Personal information
- Born: July 21, 1932 Washington, D.C., U.S.
- Died: November 24, 2012 (aged 80) Williamsville, New York, U.S.
- Listed height: 6 ft 3 in (1.91 m)
- Listed weight: 235 lb (107 kg)

Career information
- High school: Ridgeview (Hickory, North Carolina)
- College: North Carolina Central
- NFL draft: 1954: undrafted

Career history
- Calgary Stampeders (1957–1961); Buffalo Bills (1962–1965);

Awards and highlights
- 2× AFL champion (1964, 1965); 4× AFL All-Star (1962–1965); 3× CFL All-Star (1958–1960); Buffalo Bills Silver Anniversary Team;

Career AFL statistics
- Receptions: 90
- Receiving yards: 1,551
- Receiving touchdowns: 4
- Stats at Pro Football Reference

Career CFL statistics
- Receptions: 202
- Receiving yards: 3,332
- Receiving touchdowns: 16

= Ernie Warlick =

American gridiron football player (1932–2012)

Ernest Warlick (July 21, 1932 – November 24, 2012), nicknamed "Big Hoss", was an American football tight end who played in the Canadian Football League (CFL) and the American Football League (AFL).
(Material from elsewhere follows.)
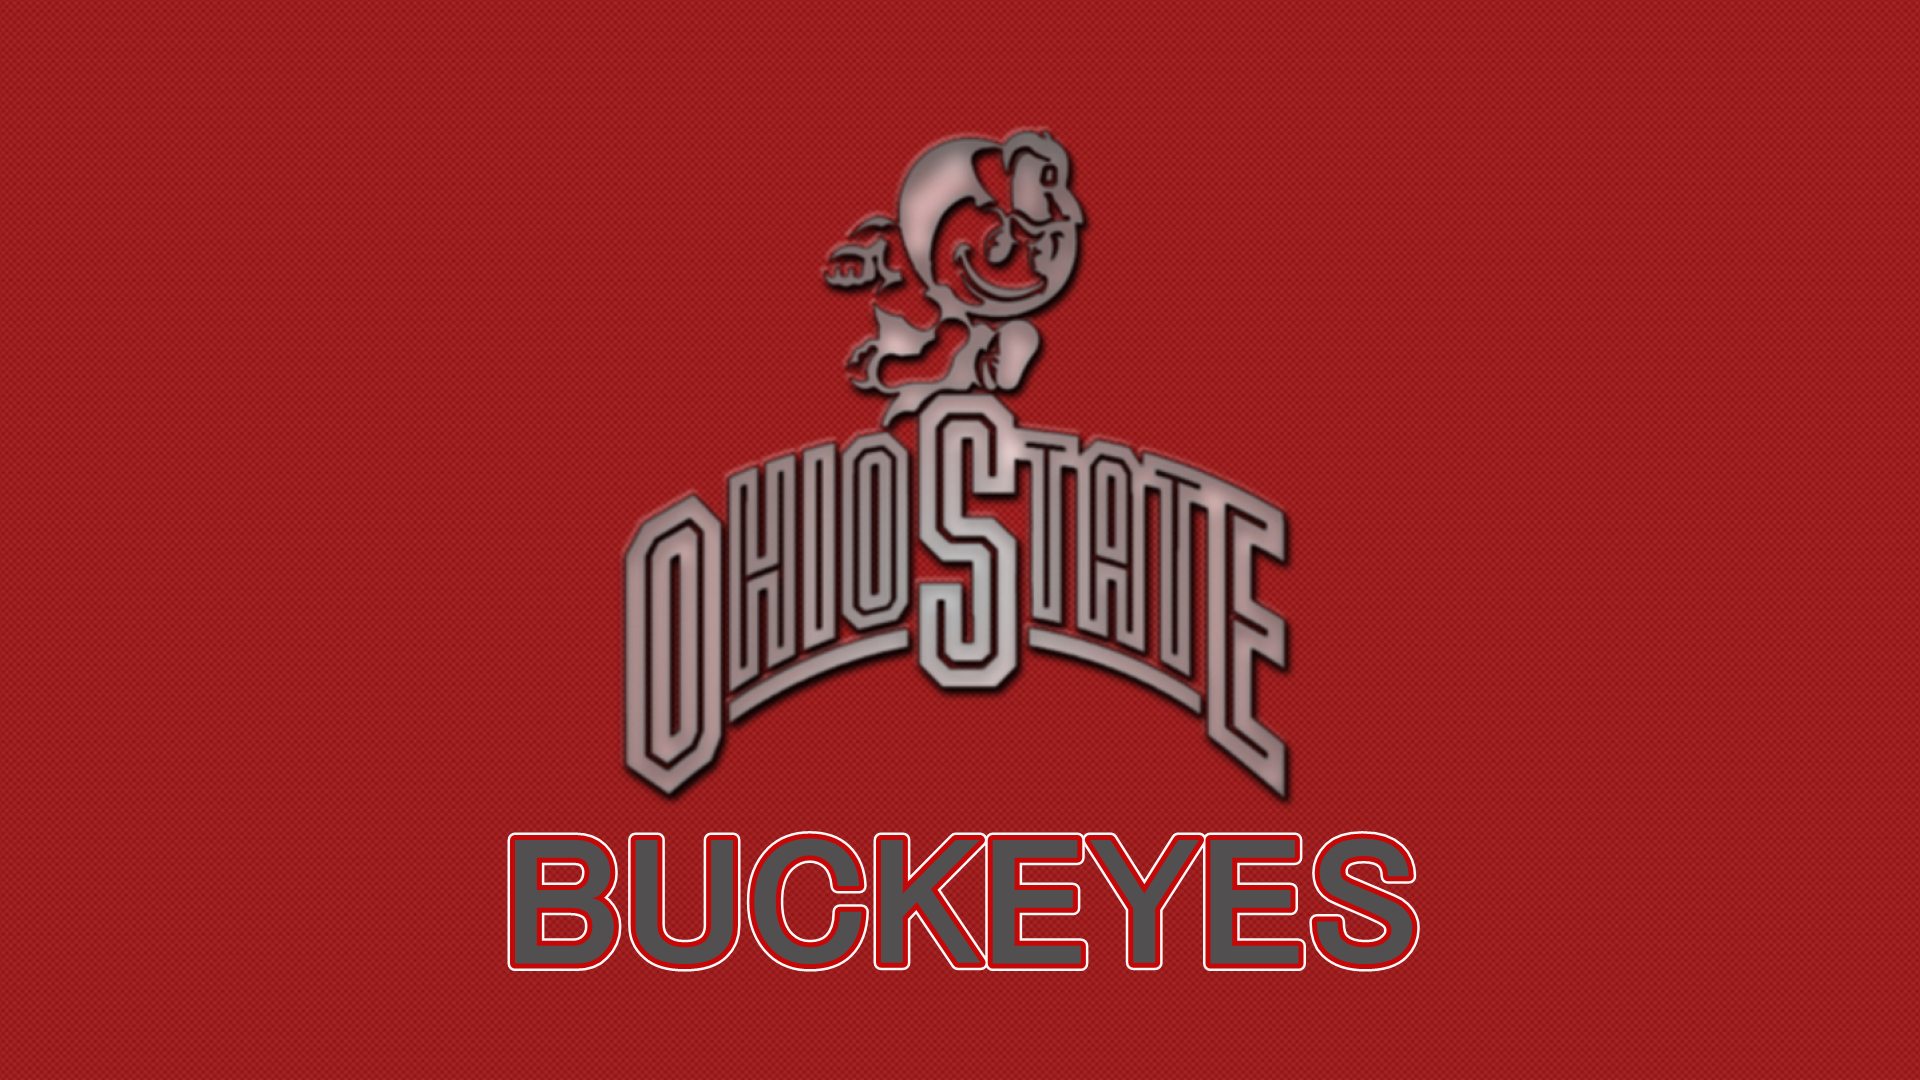 OHIO STATE BRUTUS BUCKEYE - Ohio State Football Wallpaper ...

He played college football for the North Carolina Central Eagles.

==Early life and college==
Warlick was born in Washington, D.C. After starring at Ridgeview High School in Hickory, North Carolina, he played college football for the North Carolina Central Eagles.

==Professional career==
Warlick played four seasons with the Calgary Stampeders of the Canadian Football League (CFL). He then joined the Buffalo Bills of the American Football League (AFL) in 1962. He had an average of 17.2 yards per catch with the Bills, while the team earned three straight Eastern Division titles and two AFL championships, and a 20.8 yards per catch average in 1964. In the same season, he helped the Bills win their first AFL championship game against the San Diego Chargers, 20–7, when he caught two passes for 41 yards. In the 1965 AFL championship, when guard Billy Shaw and center Dave Behrman were injured, Warlick helped bolster the Bills offensive blocking in a double tight end offense. In that game, he also scored the first touchdown in the Bills 23–0 victory over the Chargers, on an 18-yard pass from quarterback Jack Kemp.

1964 AFL Championship ring

He was selected to the AFL All-Star game every year he was in the league.

==After football==
He was the first African-American sportscaster on Buffalo television, was elected to the Buffalo Broadcast Pioneers Hall of Fame in 1998, and received the Ralph C. Wilson Jr. Distinguished Service Award in 2000. In 2005, Warlick was inducted to North Carolina's Central Intercollegiate Athletic Association Hall of Fame, honoring his basketball and football accomplishments at North Carolina Central.